It might be partially due to age but also to diet. You could try adding some food high in natural orange or red pigments. If your fish eat red pepper or carrot, they work well. There are also some commercial colour-enhancing supplements available.


----------



## PACMAN (Mar 4, 2010)

I usually feed my cichlids greens, but can I feed them carrot/peppers??? How do I go about preparing those two vegetables?


----------



## characinfan (Dec 24, 2008)

Slice the veggies thinly and add a small bit to see if the fish eat them. (You can leave the slices in overnight in case your fish prefer to eat at night). If they do, great. If they don't, just remove them from the tank.

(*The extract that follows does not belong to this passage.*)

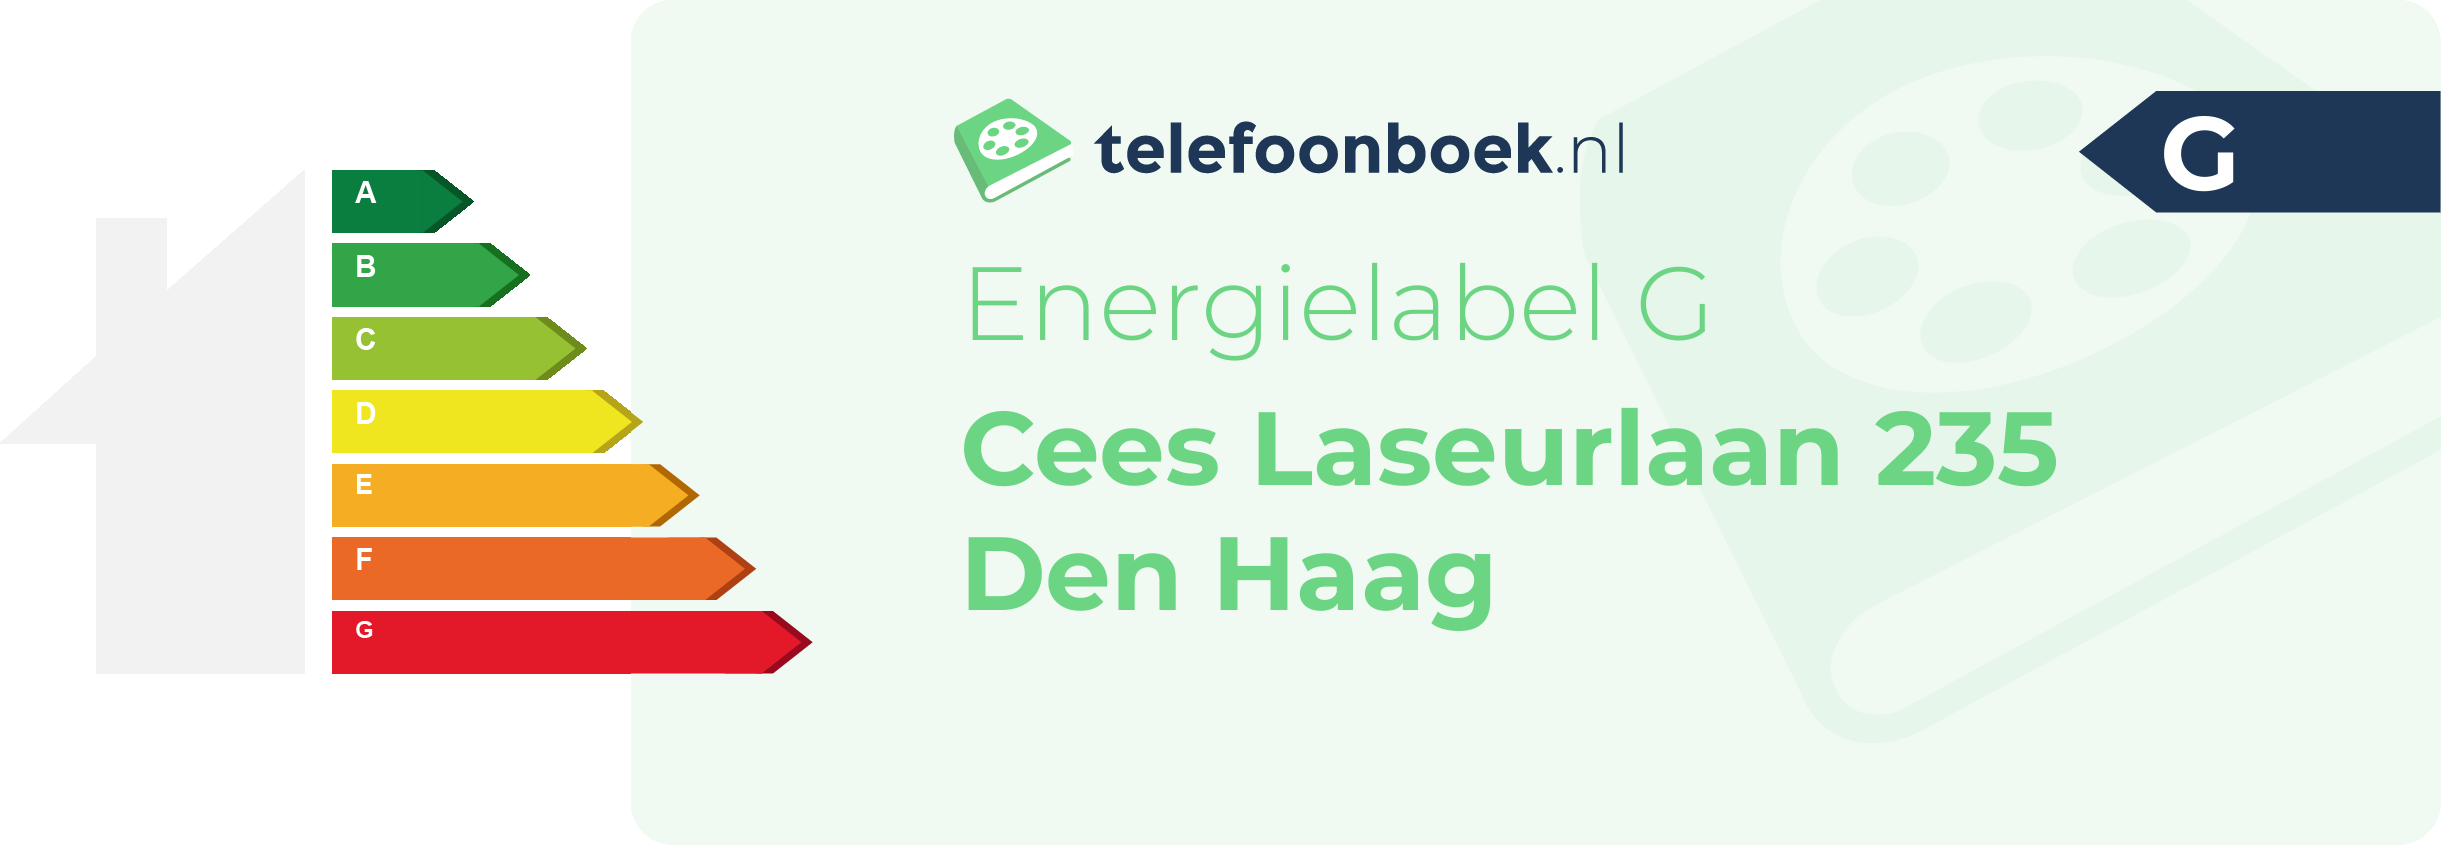 Energielabel Cees Laseurlaan 235 Den Haag

Oh yeah, sweet potato is another option.


----------



## PACMAN (Mar 4, 2010)

so I leave the carrots raw, and just do thin slices and they will eat that? I even find it hard to chew. how would they break pieces off? or am i dicing the carrot? please advise  


red pepper is much softer and I can see them ripping them and eating small pieces


----------



## characinfan (Dec 24, 2008)

If the carrot is sliced thinly enough (like with a vegetable peeler), they should be able to bite through it. Alternatively, you could blanch the carrot (dip slices in boiling water) to soften it.


----------



## PACMAN (Mar 4, 2010)

cool, thanks! I'm going to try it tonight or tomorrow, I'll let you know how it goes!


----------



## characinfan (Dec 24, 2008)

Colour change as a result of diet will take weeks/months, but a bit of extra veggies in the diet doesn't hurt. If they like the veggies, just keep feeding them some on occasion.

Good luck!


----------



## Cory (May 2, 2008)

They are most likely males and what you are seeing is them coming into their adult colours. Males will be lighter orange with a blueish sheen to them that you can see well in the fins. They do tend to be more of a deep orange when they are younger and it fades with age. If you see good hints of blue in the fins and some in the body it is just a male and you can rest easy.


----------



## cichlidsnorth (Dec 2, 2009)

they are males, the males lighten up quite a bit more than the females, the dominate male will lighten up the most.


----------



## zray11 (Aug 18, 2010)

the color is due to the gender. light ones are males and brighter ones are females.

don't bother to slice the veg. they won't touch it. if you wanna try, try to make they food by yourself. try this

http://www.cichlid-forum.com/articles/food_recipes.php

I got over 100 of them in Winnipeg. Sadly move to Toronto.............


----------